Definition
Why This Matters
How The Pattern Forms
Examples
How This Connects To Legal Exposure
How Leaders Detect or Prevent It
Common Questions
How does prior incident history affect insurance premiums in multifamily housing?
Insurers evaluate prior claims history as one of the primary inputs when pricing coverage at renewal. Properties with recurring claims of similar types signal unresolved systemic risk. That signal typically results in higher premiums, higher deductibles, or additional coverage conditions. Properties with infrequent claims and documented root cause resolution histories are priced more favorably.
Can incident history from a previous owner affect a new owner's coverage or legal exposure?
Yes. During acquisition due diligence, prior incident and claims history should be reviewed as a standard part of the assessment. Prior incidents that involved unresolved conditions may still be active risks under new ownership. And in litigation, prior owner incident history can sometimes be relevant when the underlying condition persisted into the new ownership period.
What is the difference between a claims history review and an incident history review?

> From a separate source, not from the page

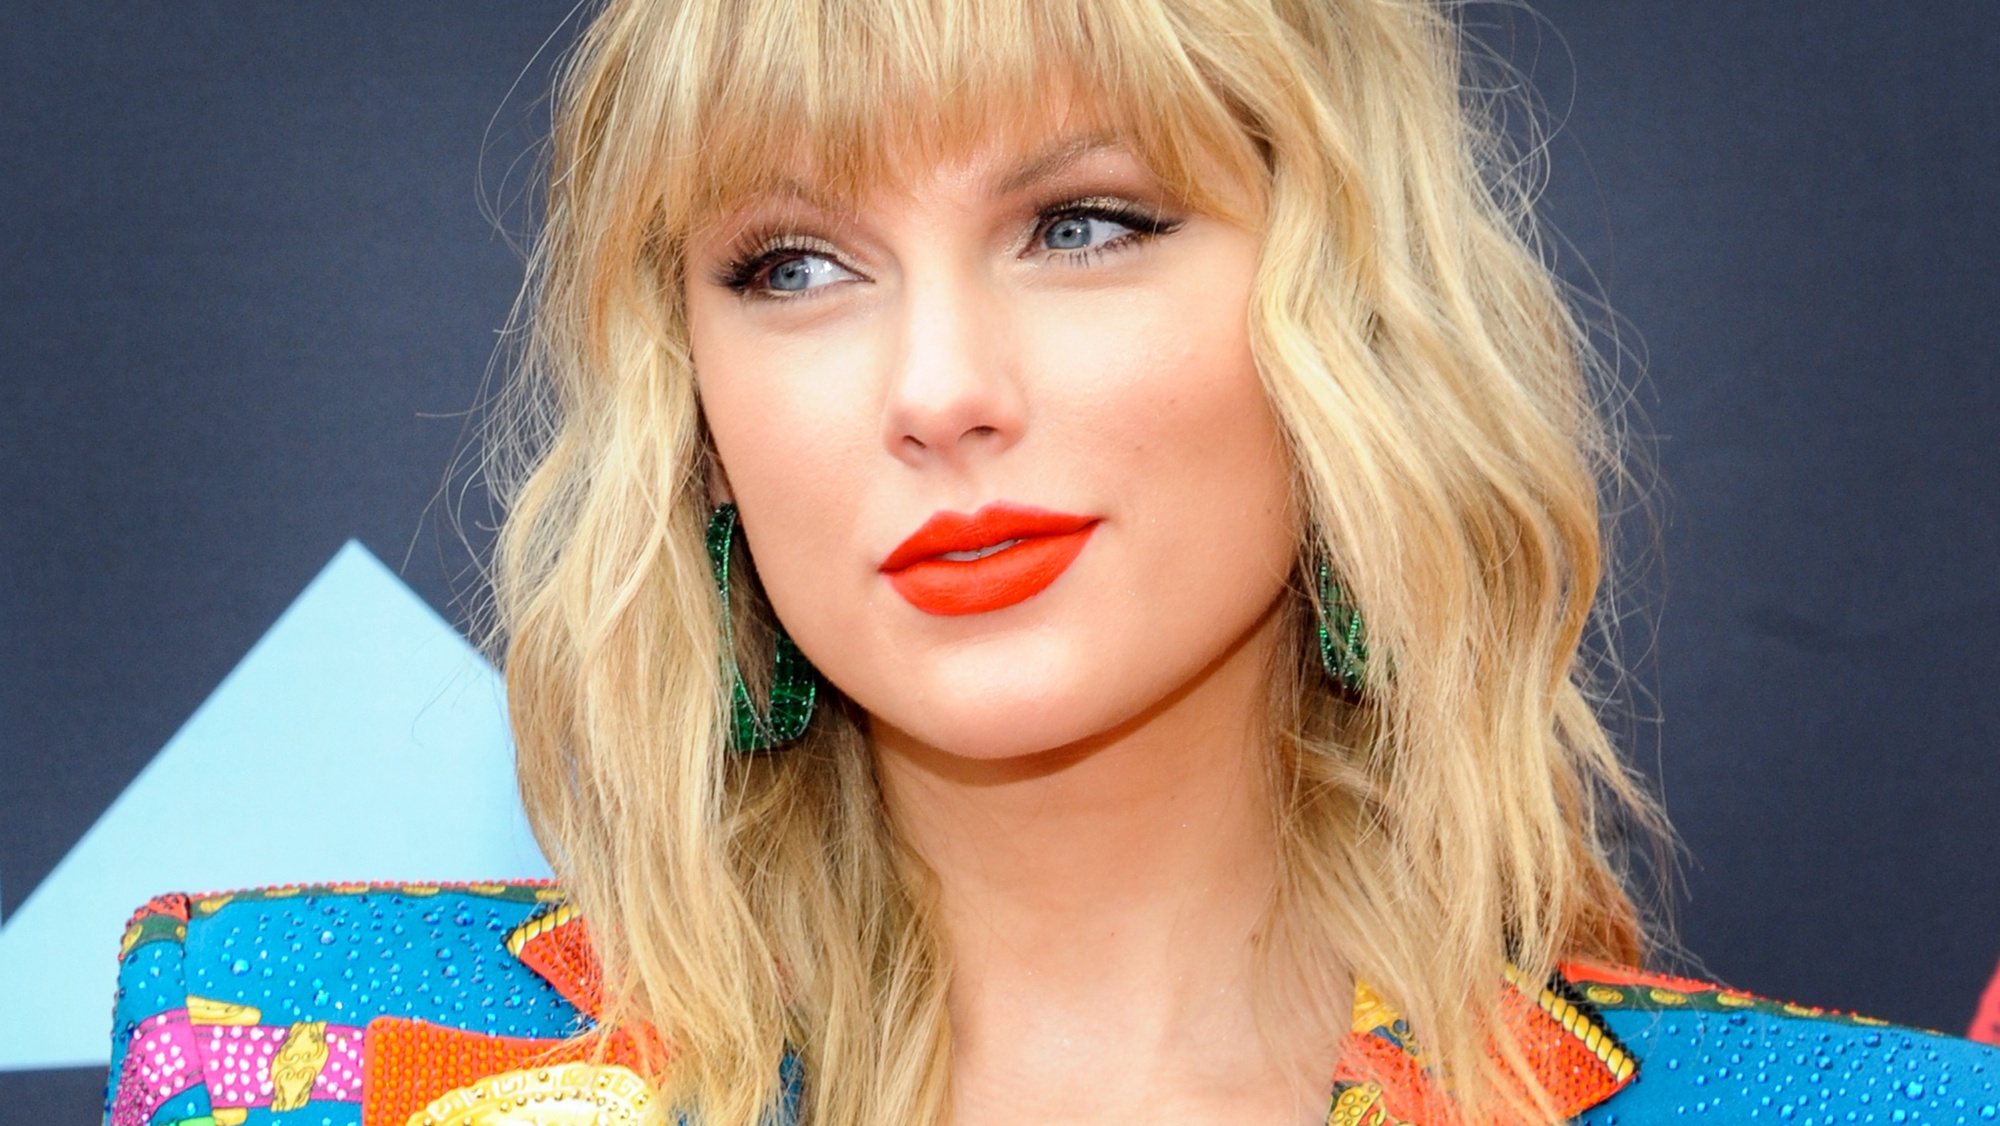 epa08563121 (FILE) - US singer Taylor Swift arrives on the red carpet for the 2019 MTV Video Music Awards in Newark, New Jersey, USA, 26 August 2019 (reissued 23 July 2020). Taylor Swift on 23 July 2020 announced a surprise release of her eighth studio album Folklore.  EPA/DJ JOHNSON *** Local Caption *** 55419736

A claims history review covers incidents that were formally submitted to the insurer. An incident history review covers all documented events, including those that were handled without an insurance claim. Incident history is often broader than claims history and may surface patterns that the claims record alone does not reveal.
How does a pattern of small claims compare to one large claim in terms of insurance impact?
A pattern of small claims often has more impact on insurance costs and terms than a single large claim, because the pattern signals a systemic risk condition rather than a one-time event. Insurers evaluate frequency of loss alongside severity. Multiple small claims in the same category are an indicator of an unresolved underlying condition, which is considered a higher ongoing risk than a single significant event.